WORK TO COMPLETE:
A faithful, picture-free copy of the listing below is required.

DATASET EXTRACT:
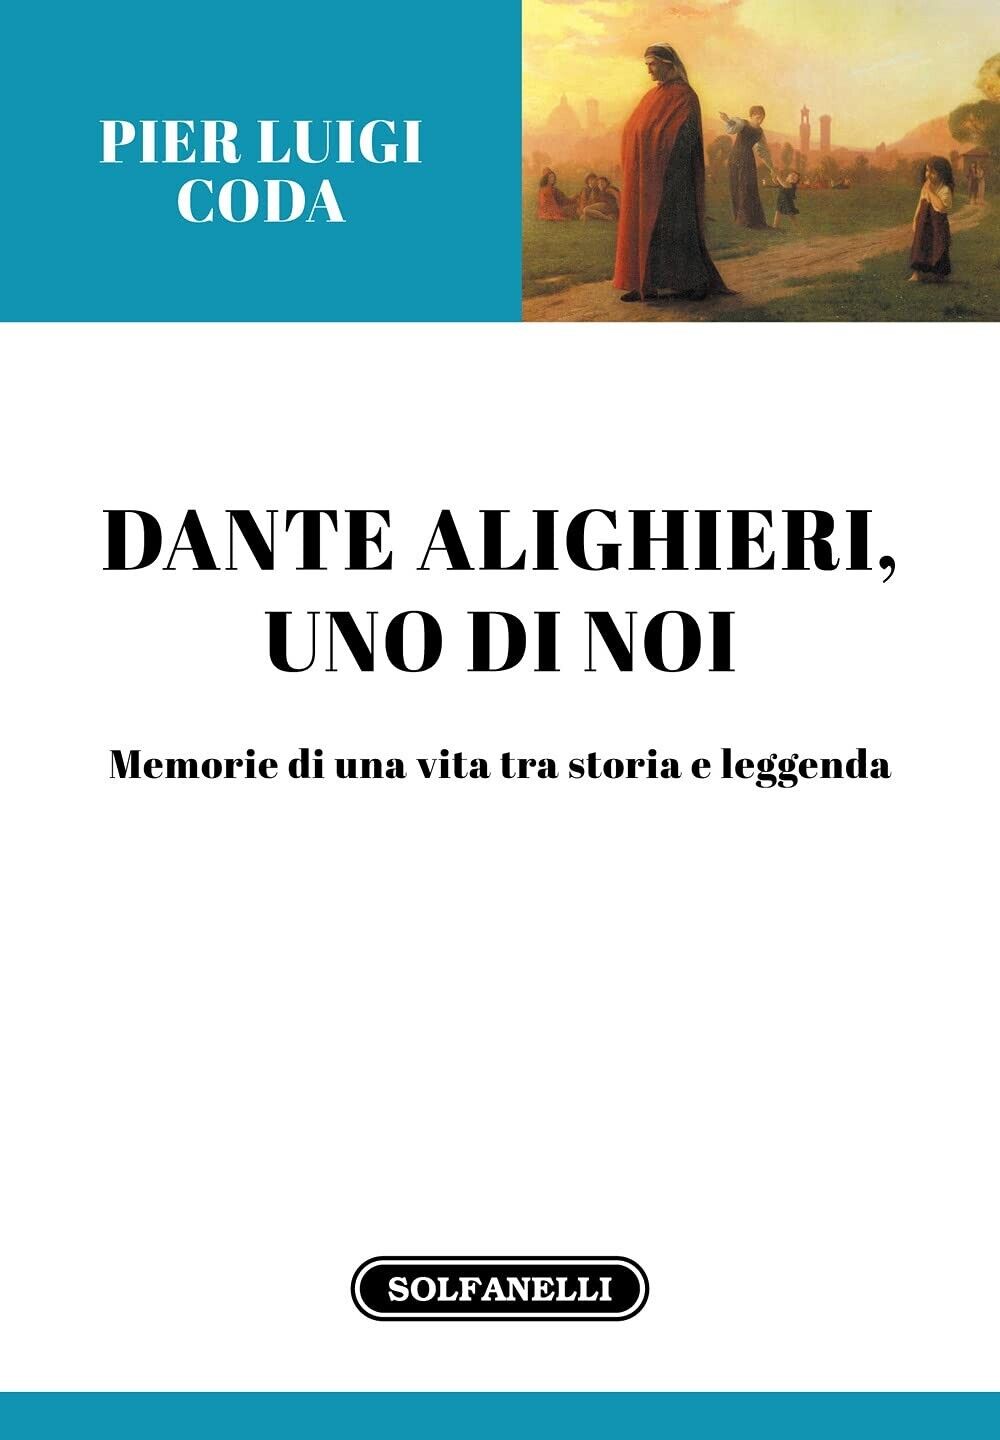  Dante Alighieri, uno di noi. Memorie di una vita tra storia e leggenda di Pier libro usato
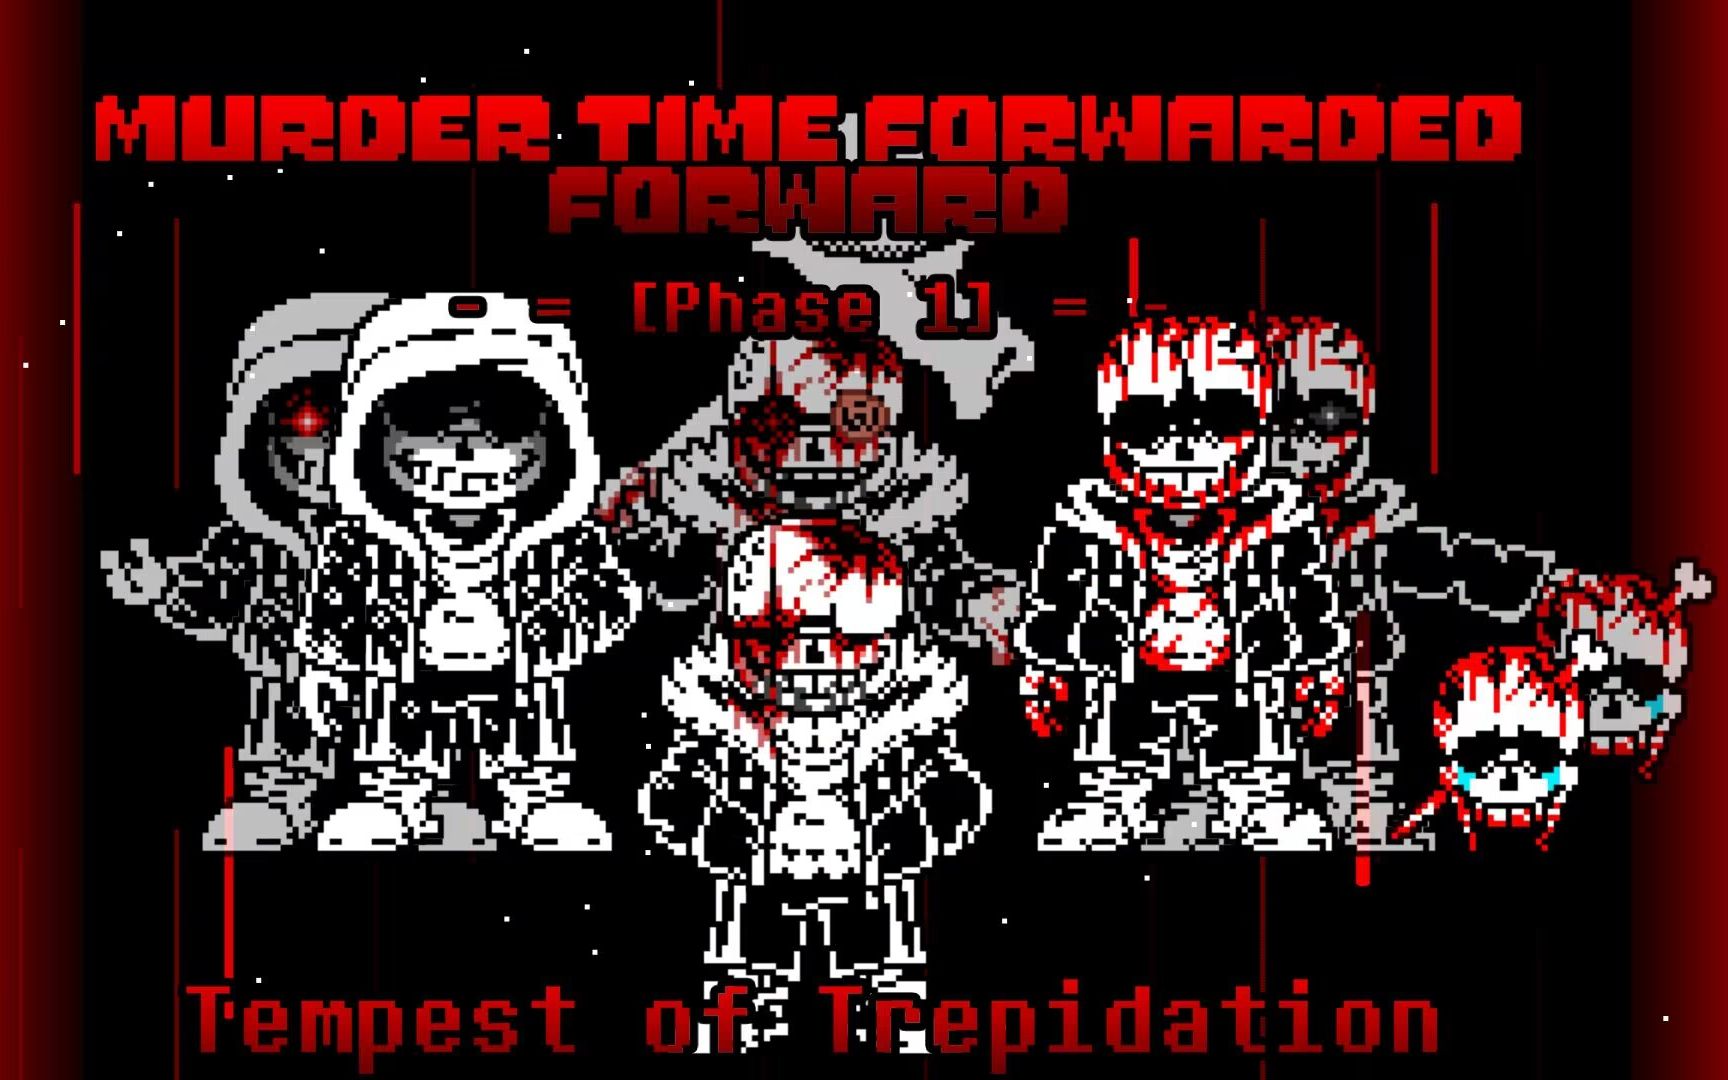 【1000粉庆】[Murder Time Forwarded Foward]- Phase 1 - Tempest of Trepidation
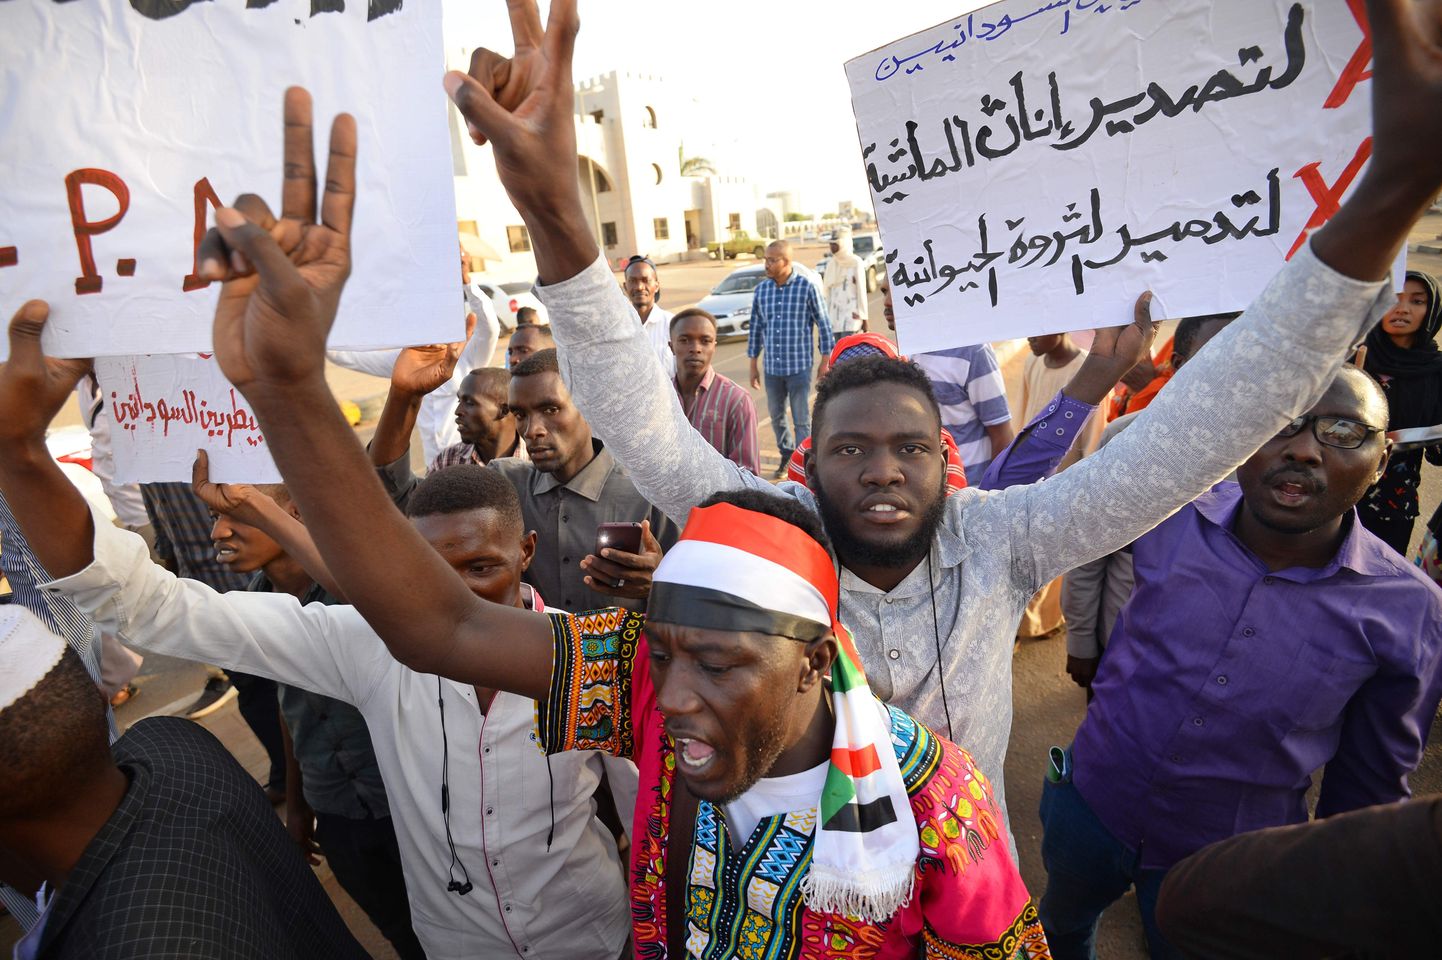 Sudānas pagaidu militārā padome un protestu līderi trešdienas naktī vienojās par trīs gadu pārejas periodu, kurā vara tiks nodota pilnīgi civilai pārvaldei.

FINAL ANSWER:
  Dante Alighieri, uno di noi. Memorie di una vita tra storia e leggenda di Pier libro usato
 【1000粉庆】[Murder Time Forwarded Foward]- Phase 1 - Tempest of Trepidation
 Sudānas pagaidu militārā padome un protestu līderi trešdienas naktī vienojās par trīs gadu pārejas periodu, kurā vara tiks nodota pilnīgi civilai pārvaldei.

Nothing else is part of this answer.